The CJEU said Article 56 of the Treaty on the Functioning of the EU “precludes the application of legislation of the member state to which that contracting authority belongs which requires that sub-contractor to pay those workers a minimum wage fixed by that legislation”.

The CJEU said: “In this regard, it is apparent from the court’s case-law that the imposition, under national legislation, of a minimum wage on sub-contractors of a tenderer which are established in a member state other than that to which the contracting authority belongs, and in which minimum rates of pay are lower, constitutes an additional economic burden that may prohibit, impede or render less attractive the provision of their services in the host member state.”

According to the CJEU, such a national measure “may in principle be justified by the objective of protecting employees” under NRW laws, to ensure employees are “paid a reasonable wage in order to avoid both ‘social dumping’ and the penalisation of competing undertakings which grant a reasonable wage to their employees”.

However, the CJEU said such a national measure, in so far as it applies solely to public contracts, “is not appropriate for achieving that objective if there is no information to suggest that employees working in the private sector are not in need of the same wage protection as those working in the context of public contracts”.

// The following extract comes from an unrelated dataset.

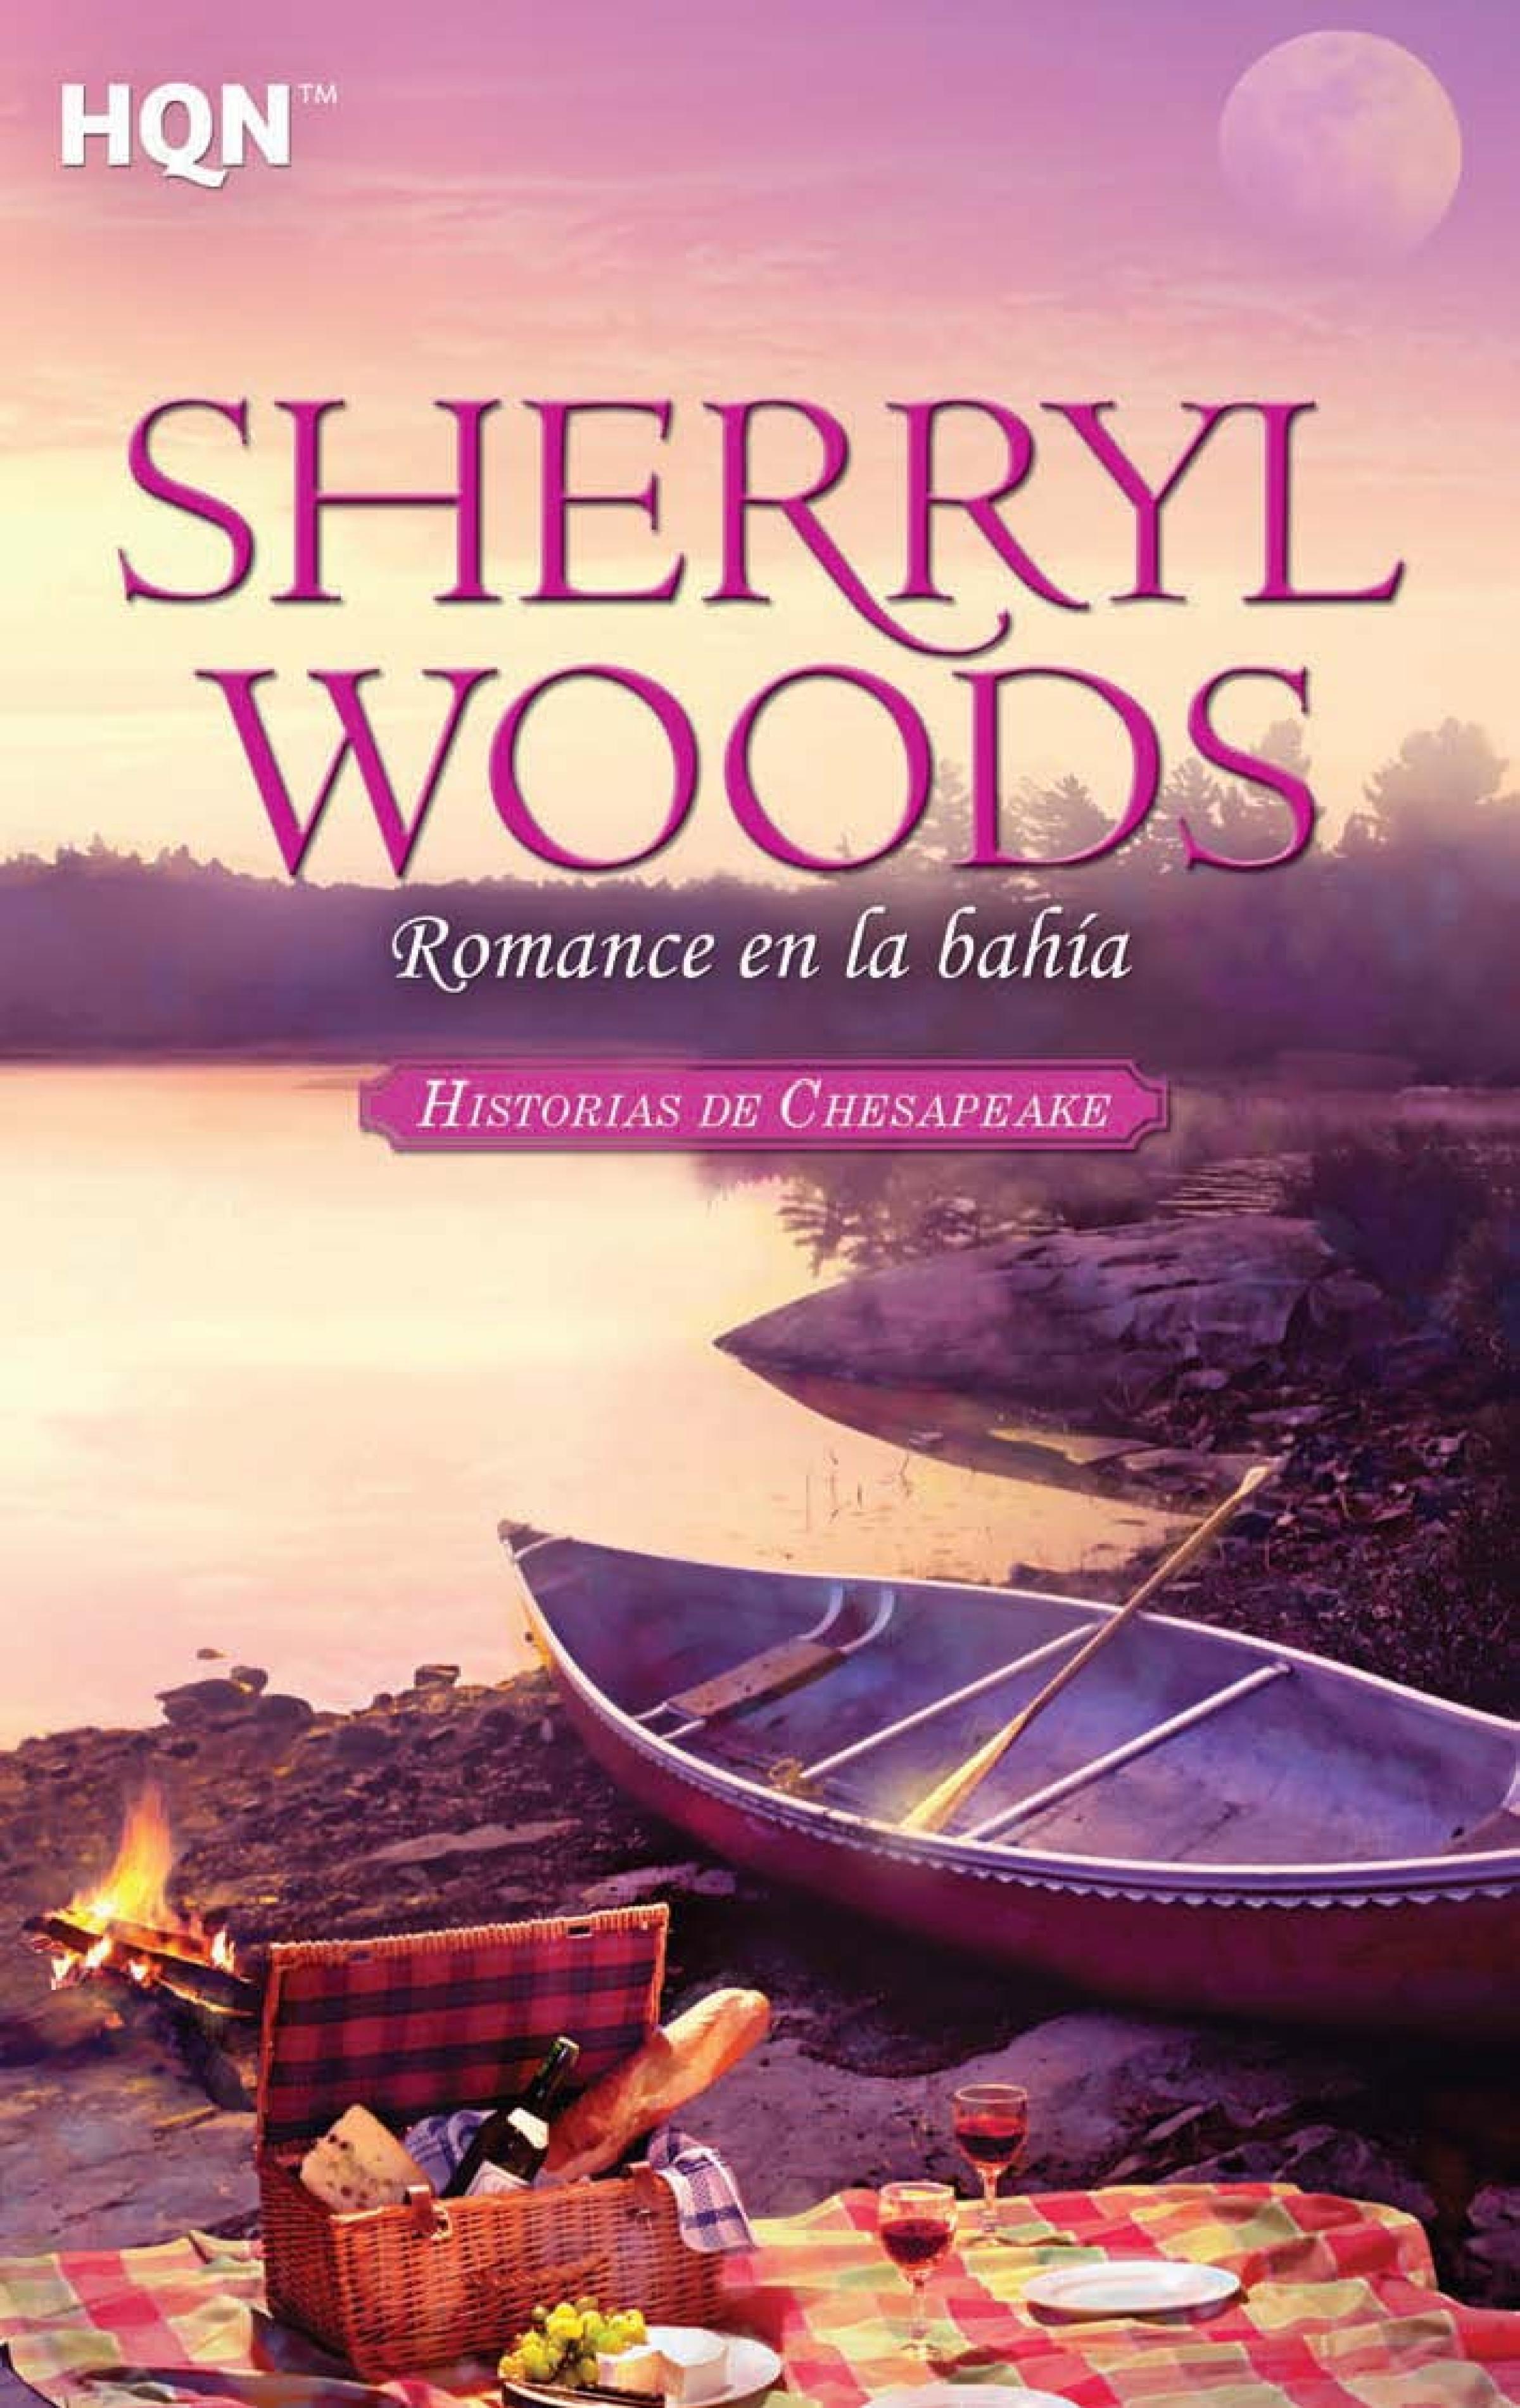 Sherryl Woods Romance en la bahía sherryl woods romance en la bahía

Employment law expert Stuart Neilson of Pinsent Masons, the law firm behind Out-Law.com, said the case highlights "the conflict that the CJEU has had to consider between the desire to provide protection to workers, and avoid what is colloquially known as social dumping, and the freedom under EU law to provide services across the whole EU”.

Neilson said: “The decision supports the view that the right to provide services across the whole EU takes precedence over arguments over workers’ rights. The CJEU’s view was that the Polish sub-contractor should not be fettered by the need to apply a local German minimum wage level and should be free to agree its own rates of pay. Accordingly it was against EU law to exclude the Polish sub-contractor on the grounds of not complying with the local minimum wage.”

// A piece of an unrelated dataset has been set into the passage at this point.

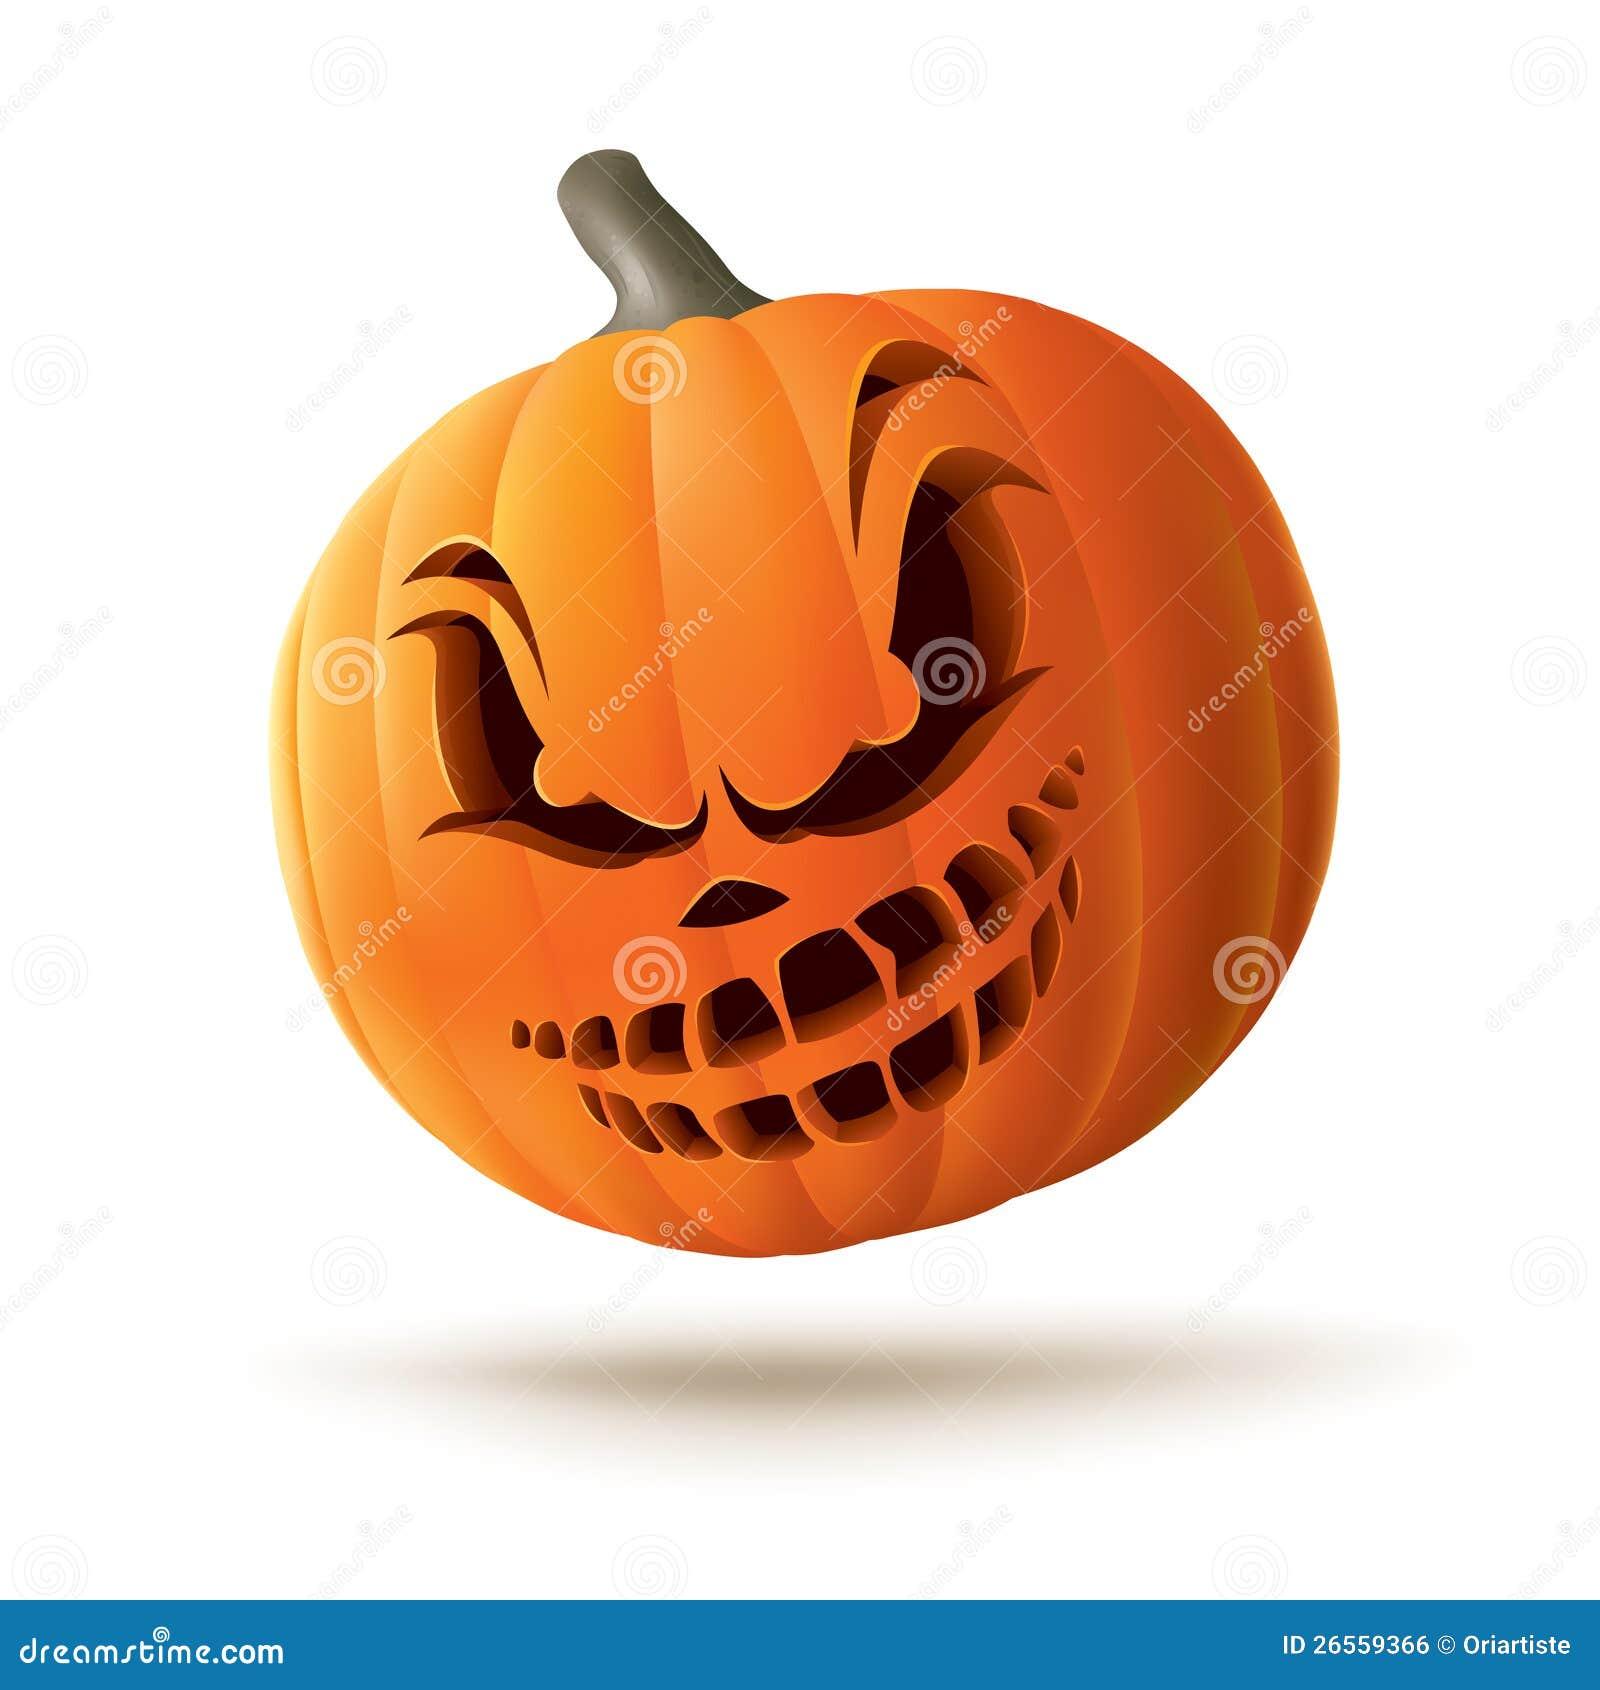 Scary Jack O Lantern Stock Vector Illustration Of White 26559366

"The impact of this decision is that it will be unlawful to seek to impose local employment terms on contractors where work will not actually be carried out in that member state,” Neilson said. ". However, where the work is to be carried out in the member state by workers from another member state, “then it is permissible, indeed mandatory, for the workers to be subject to certain minimum standards of the host member state relating to minimum wages, working time, holidays, protection of pregnant women and discrimination,” he said.

Neilson said: “It is not permissible to insist upon employers going beyond those standards, for example in the UK by insisting on rates of pay agreed with a particular trades union." Local ‘protectionism’ regarding pay and terms and conditions “can be a fraught issue, but other than observing the local minimum requirements, EU law is squarely against the idea of member states, employers or trades unions discriminating against employers from other member states on the basis that they are ‘undercutting’ more generous terms,” Neilson said.In a letter to the Dortmund authority, Bundesdruckerei had explained that, if it were awarded the contract, the services under that contract would be performed exclusively in another EU member state, by a sub-contractor based in Poland.

Bundesdruckerei said its sub-contractor would be unable to comply with the minimum wage undertaking because such a minimum wage was not provided for by collective agreements or under Polish law and payment of such a minimum wage was also not usual in Poland “in the light of the general standard of living there”.

Dortmund refused a request by Bundesdruckerei to confirm that the minimum wage requirement would not apply in this case. Bundesdruckerei then challenged the city’s position in a case filed with the public procurement board (PPB) of the Arnsberg regional government. The company asked the PPB to force Dortmund to amend the tender documents so that the minimum wage condition would be waived for sub-contractors established in another EU state and whose employees are engaged, for the performance of the public contract, exclusively in that state.

The PPB will now determine the outcome of the case on the basis of the CJEU's judgment.